Interior Design Advice

Interior design advice for the home, including all aspects of the planning process from the function and size of the room, colour schemes, lighting, textures and patterns, window treatments to furniture.


Before you start making changes to your home take the time to put pen to paper and make notes of your thoughts and plans, this will ensure your end result is one you are happy with. A well planned project reduces the risk of unnecessary spending and potential disappointment.

During the planning process consider the following:

  • Your personal likes and dislikes
  • Simplicity
  • The function of the room
  • The size of the room
  • Colour schemes
  • Scale and proportions
  • Lighting
  • Texture & patterns
  • Window Treatments
  • Furniture


Personal Taste

A plethora of design ideas will come through many avenues such as the media, family, friends and neighbours, this can be overwhelming when trying to decide how to design your home and while these influences can sway your choices in a positive way it is also important to put value on your individual personal taste as a design that is an expression of yourself will mean you are more likely to be happy with the end result.


Keeping It Simple


Keep your room design simple as a cluttered room with two many focal points will give the impression of disorder and chaos. Decide on one focal point, this could be a mirror, painting, sculpture, fireplace, feature wall, view or stunning piece of furniture.


Function of the Room

Deciding how a room will be decorated will depend on the purpose of the room, who will be using it and the amount of space and lighting there is available. Common areas such as family rooms will require furniture and surfaces that are functional, robust and hard wearing.


Size of the Room

Dark colours will make a room appear smaller. Light, bright colours will make a room appear larger.
Keep small rooms organised and clutter free and use smaller pieces of furniture to give a sense of balance and proportion. Hanging a wall mirror can also be used effectively in small rooms to give the illusion of more space.

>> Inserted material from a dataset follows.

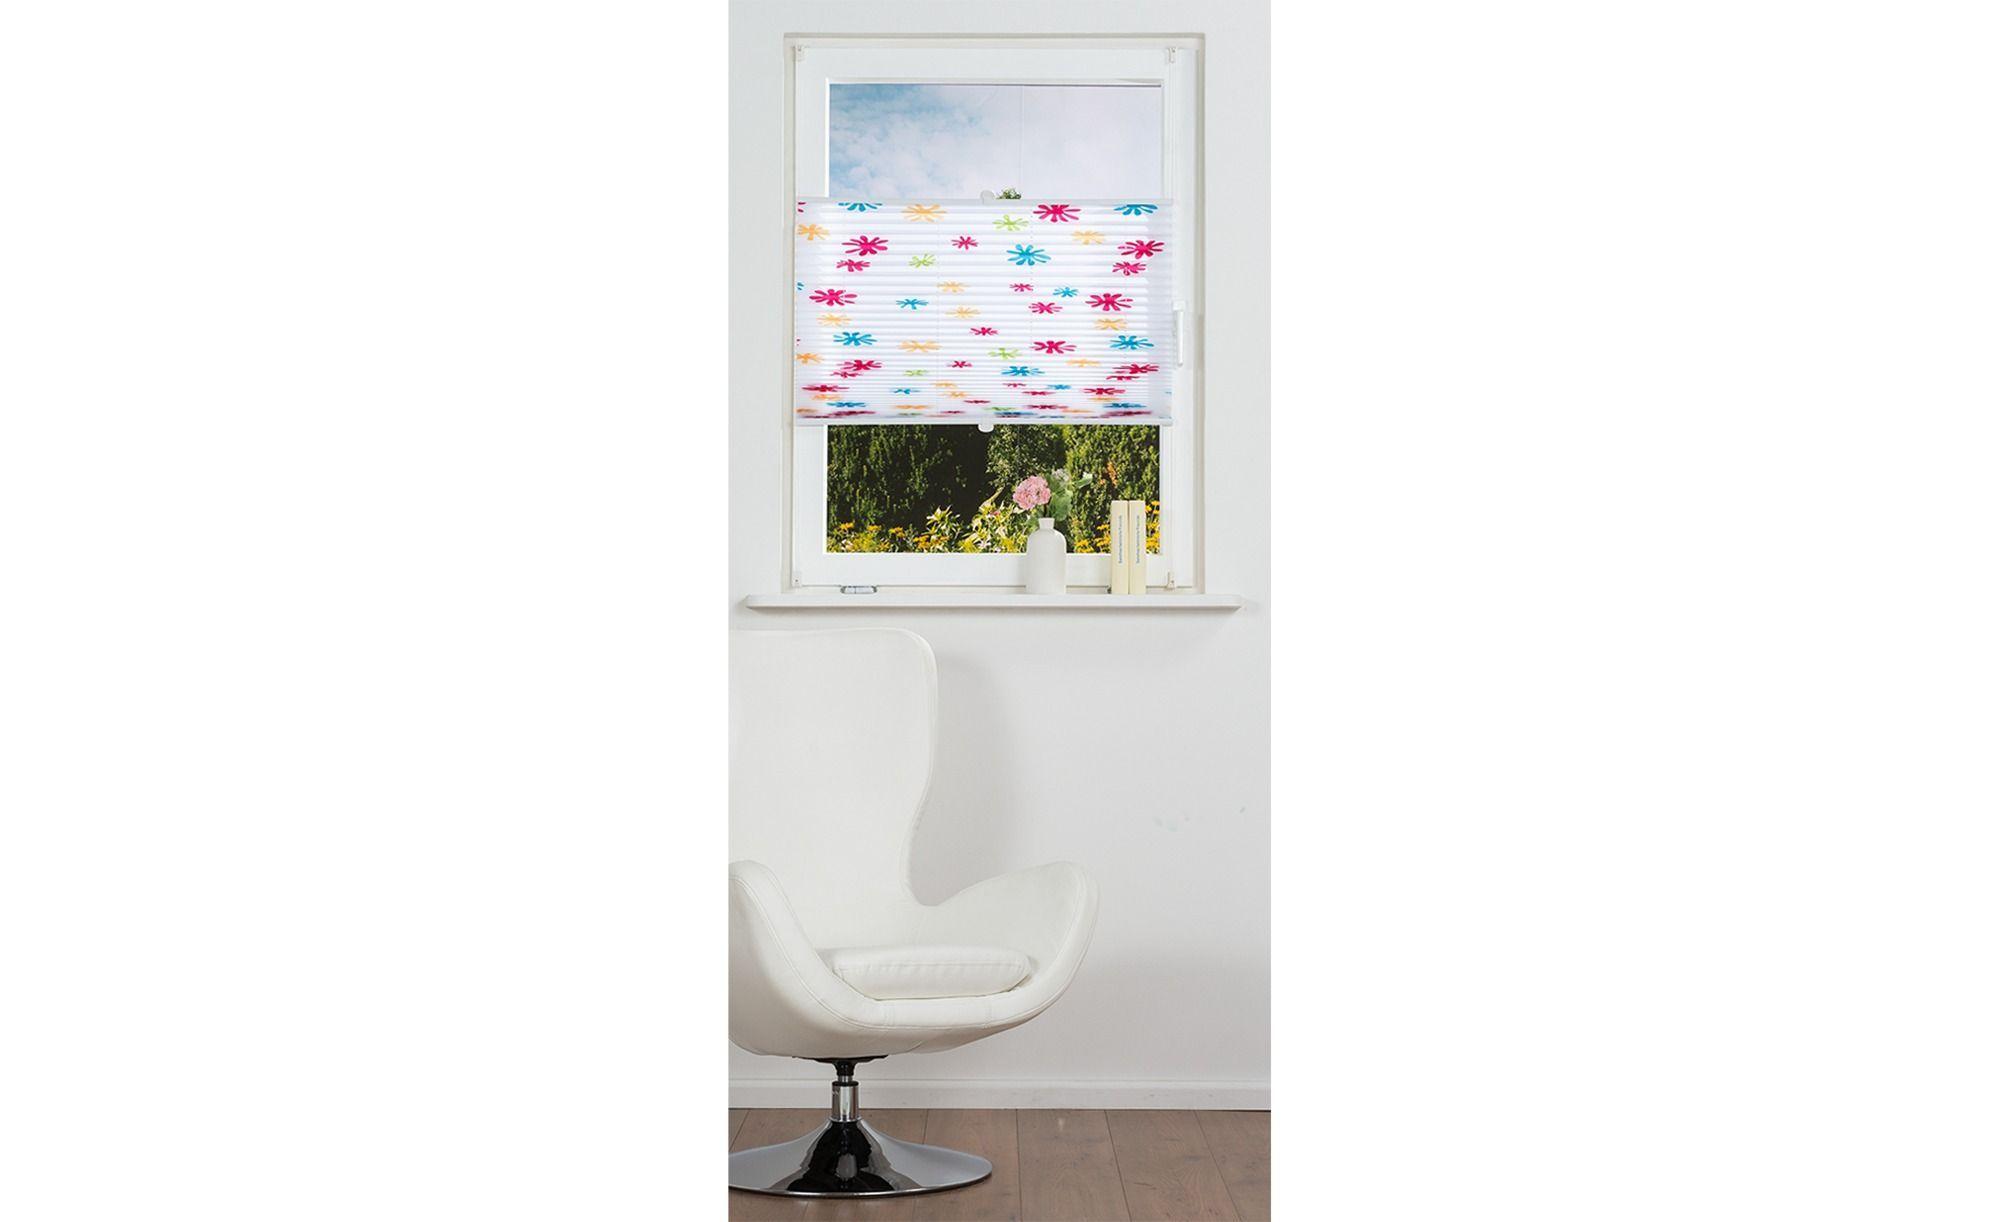 Khg Plissee Klemmfix Blume Weiss Polyester Masse Cm B 120 Gardinen Vorhange Rollos In 2020 Vorhange Gardinen Gardinen Plissee Rollo Ohne Bohren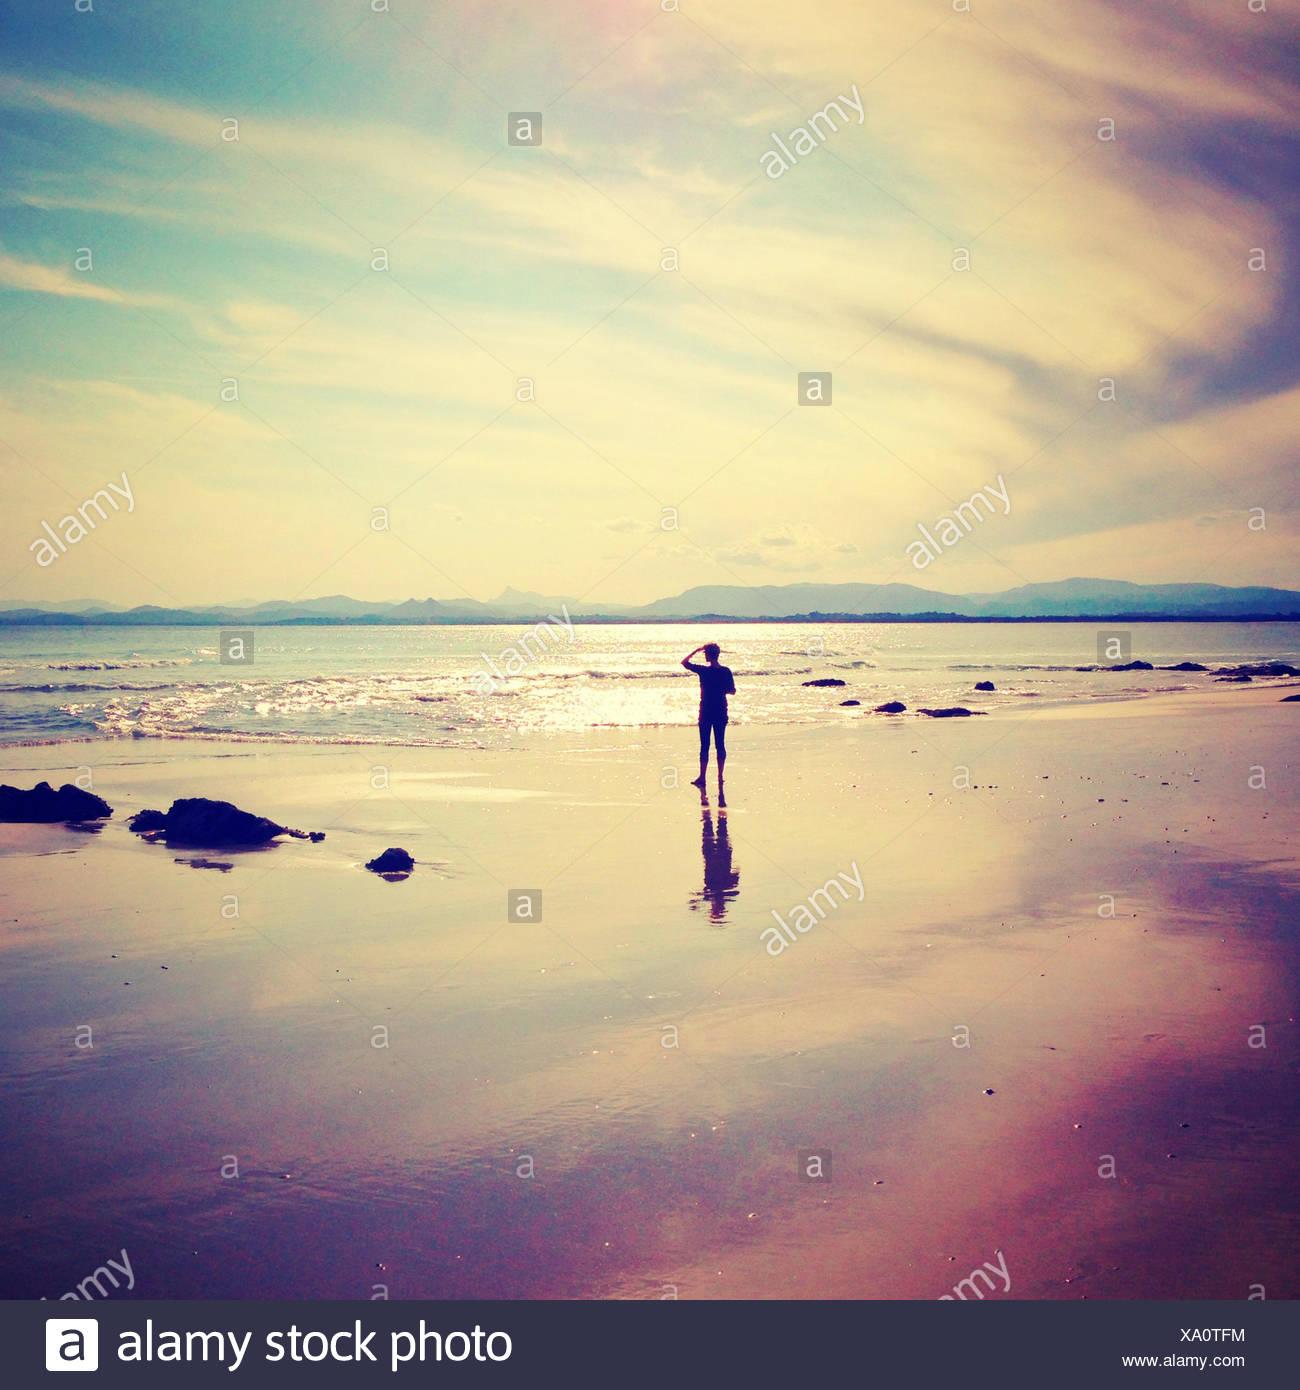 Silhouette di un uomo in piedi sulla spiaggia affacciata sul mare Immagini Stock

Large rooms can be made to look smaller by painting high ceilings in a darker colour than the walls and by filling the room with solid pieces of furniture.


Choosing Colours


Unless you are completely changing everything within the room start by considering the colours that are there already.

Colour has a great influence on our feelings and moods and plays an important role in creating atmosphere. During the planning process collect samples in the form of colour cards, wallpaper, pictures and fabrics in the colours you are planning on using, this will allow you to coordinate your colour preferences and add contrast to the room.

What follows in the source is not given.